November 2014

Brent ButterworthAs I write this, I’m preparing to attend two events: the 137th Audio Engineering Society Convention, in Los Angeles, and the Rocky Mountain Audio Fest, in Denver. Although both events focus on audio, they couldn’t be more different. At AES, much of the focus is on the evolving and developing science of audio; I counted 17 presentations covering loudspeakers alone. At RMAF, even though there will be plenty of manufacturers who take a scientific approach to sound, much of the focus is on products that reject science -- for example, speakers using full-range drivers or esoteric horn configurations, amplifiers that put out only a few watts of power, and various tweaks that are unlikely ever to be proven effective.

Part of the reason I go to RMAF is to see and hear such products. They’re always interesting, and once in a while one of them surprises me by performing better than I expected. And I don’t have any problem with consumers buying these products. It’s their money, and if they get enjoyment out of them -- no matter the actual result or effect -- who am I to say there’s something wrong with it?

What does bother me is that so many audiophiles seem to feel that scientists are allied against them. Or, as one headphone enthusiast put it to me during a big Twitter battle in August, “I don’t need scientists telling me what kind of sound I should like.”

I can understand and forgive this attitude, partly because scientists are notoriously bad at explaining the benefits of what they do, and partly because it’s not a casual enthusiast’s responsibility to have an in-depth understanding of the field. What I can’t abide is when this attitude is reinforced by high-end audio writers. Either they’re ignorant of what audio scientists actually do, which is unforgivable, or they’re pandering to their audience’s biases, which is appalling.

I’ve met many of the world’s leading audio researchers, and I regularly read their work in publications such as the Journal of the Audio Engineering Society. Yet I’ve never encountered a single one who was attempting to “tell people what kind of sound they should like.” In fact, it’s exactly the opposite: Scientists are trying to figure out what kind of sound people do like, so that audio equipment manufacturers and music and movie producers can do more of that and less of what people don’t like.

Revel M106 in NRC's chamber

A classic example is the process that led to our current very good understanding of loudspeaker performance. Much of this work was done at the Canadian National Research Council, in Ottawa (where SoundStage! does its speaker measurements). The work began decades ago, in an era when no one really knew what a good speaker was. At the time, speaker design was based mostly on gut instinct. No one had made a concerted effort to find out what performance characteristics a good speaker should have.

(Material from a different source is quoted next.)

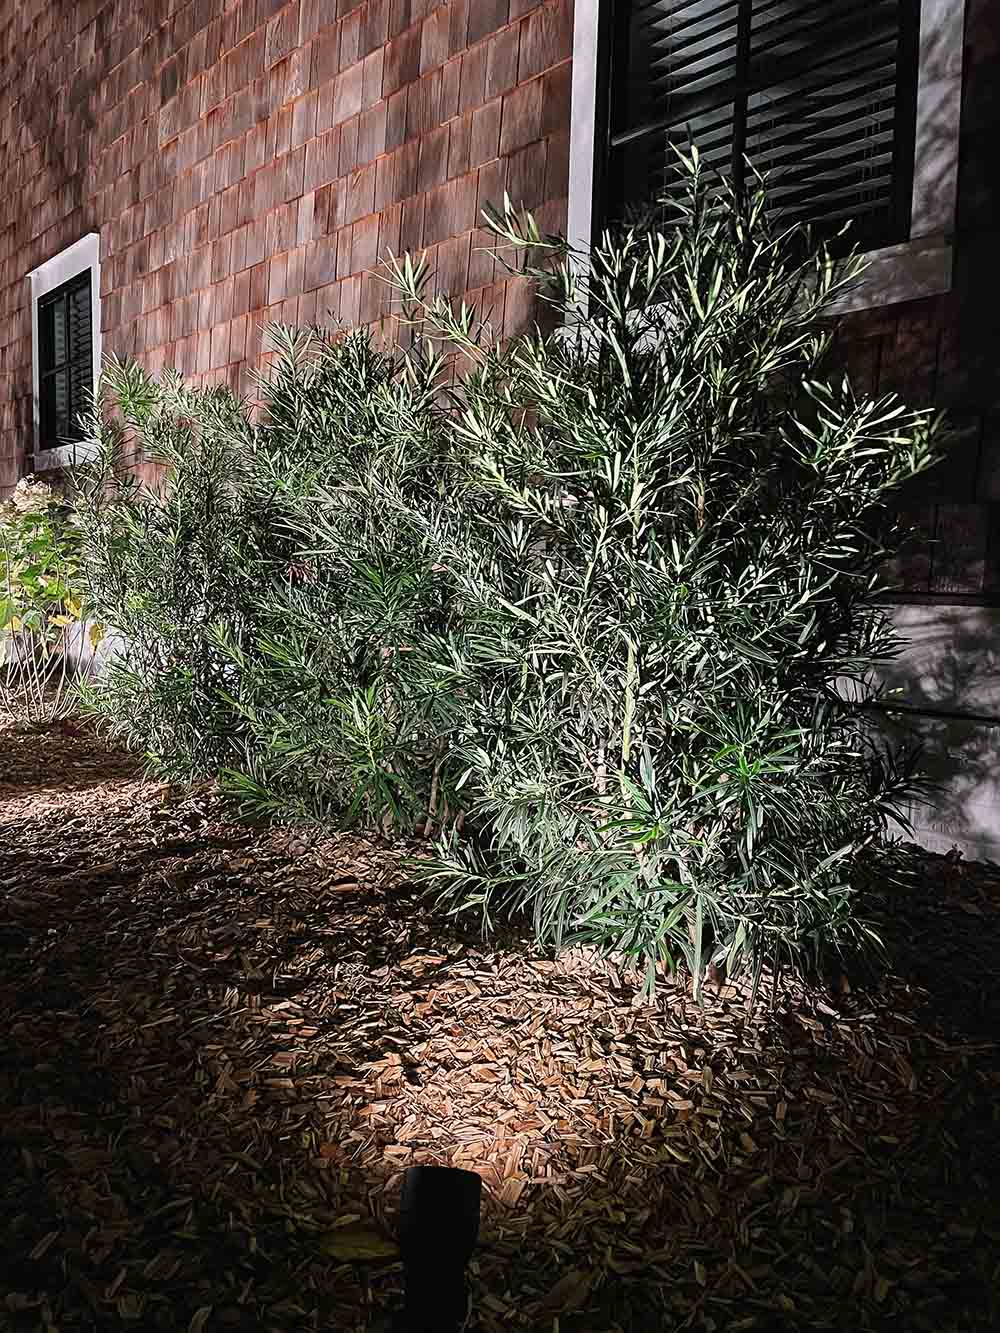 A closeup shot of bushes at night being lit by small outdoor lights.
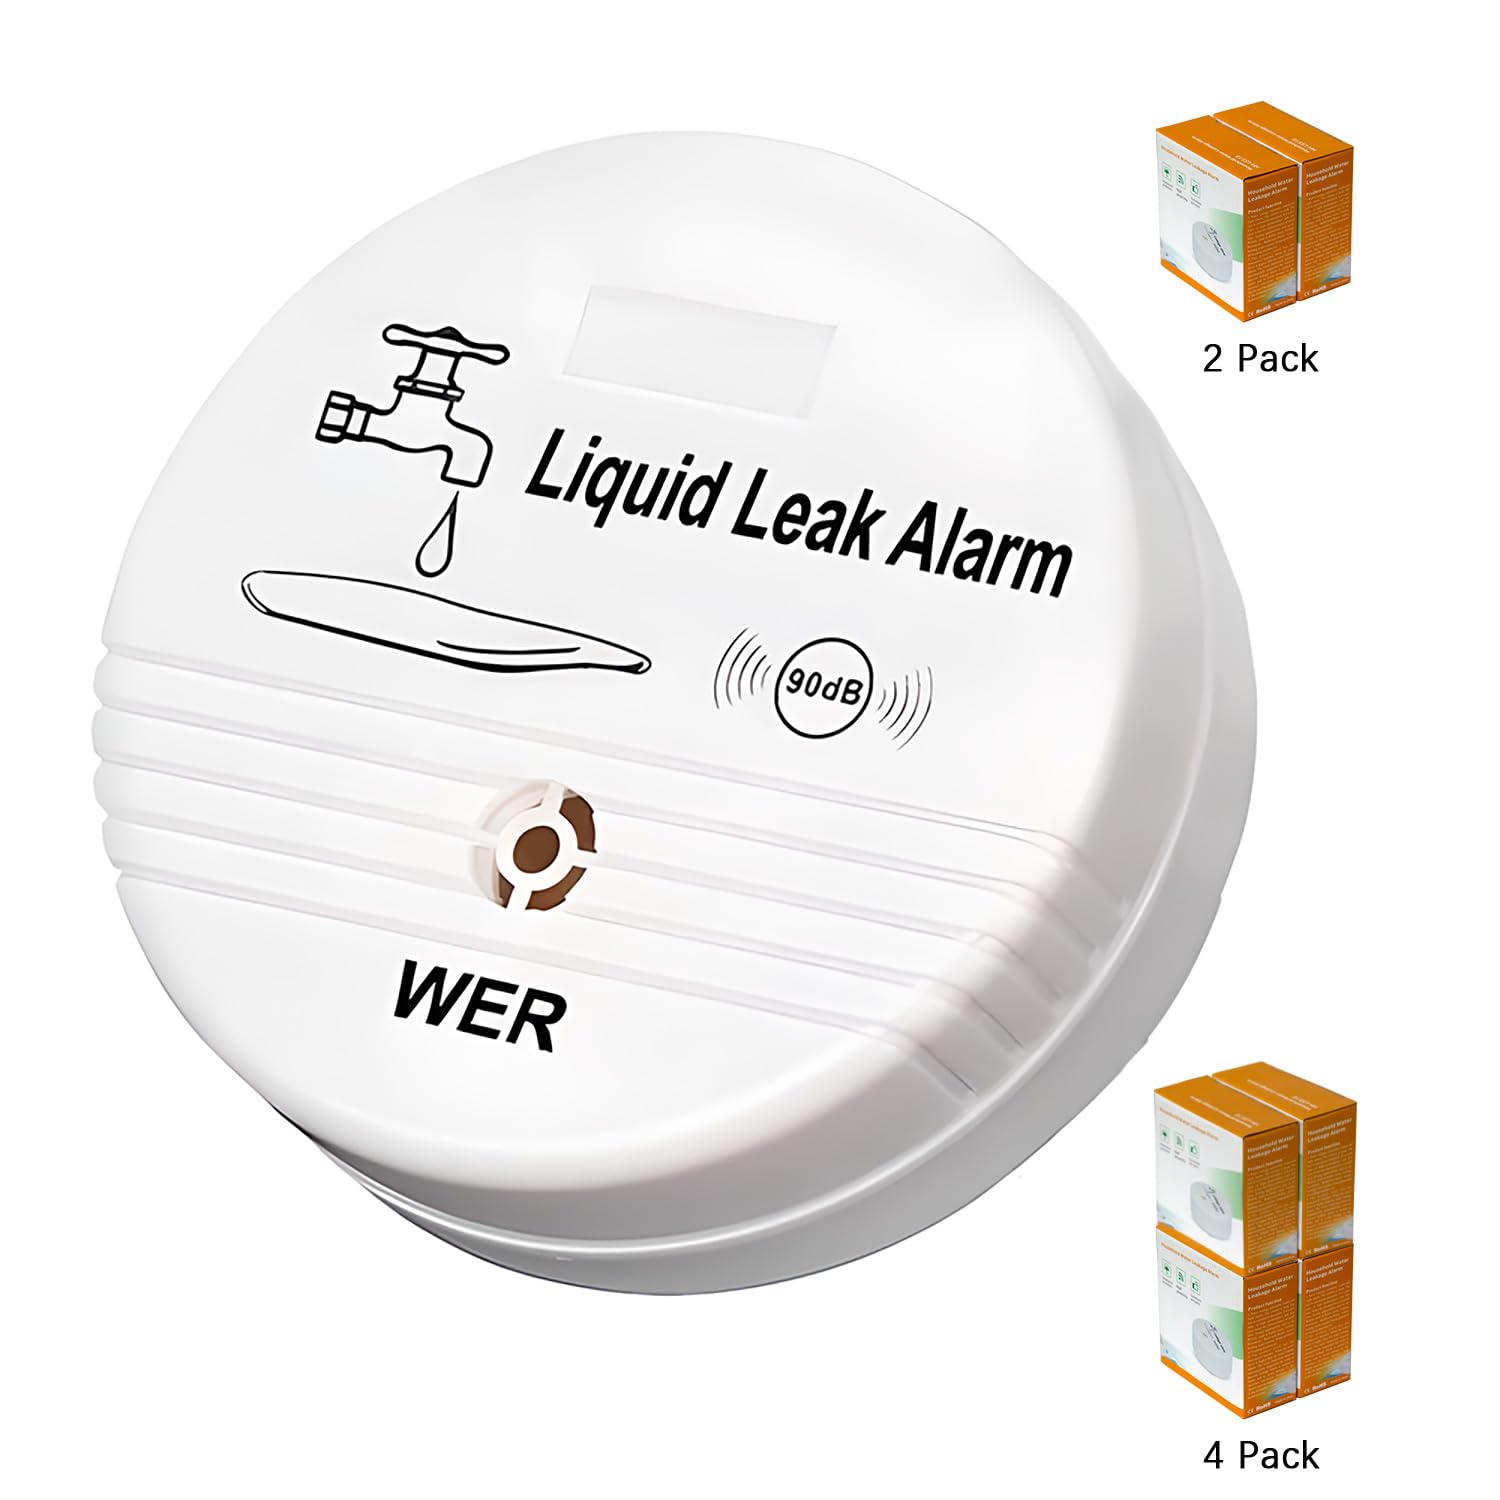 WER Water Leak Alarm Sensor, Battery Operated Leak Alert, 90dB Water Detector for Basements, Bathrooms, Laundry Rooms, Kitchens, Garages and All Office Areas (Shipped Without Battery, 4 Pack)

To answer this question, NRC researchers began conducting blind listening tests with a wide variety of loudspeakers, so they could discern which performance characteristics listeners like and which they don’t. They then measured the characteristics of these speakers in the NRC’s anechoic chamber. The project took years, as speaker designs slowly evolved from the “screw a bunch of drivers into a box and pray” designs of the 1970s to the vastly better designs that began emerging in the mid-1990s.

These days, it’s much easier to design a good speaker. Even many very inexpensive speakers sound great -- and, not coincidentally, they measure according to the guidelines developed through the research cited above.

Of course, many speakers still go wrong, but that’s not because science has failed. It’s because whoever designed those speakers didn’t know the science, or chose to ignore it. Or because someone between the designer and the end user -- an accountant, a production engineer, a marketing guy -- decided to replace or omit parts, or change the design in some way that violates the principles of good speaker design.

Instead of trying to “tell you what you should like,” scientists have made it easy for any manufacturer to build audio products you’ll like. The scientists are on your side. The guys who make the wacky stuff? Maybe not so much.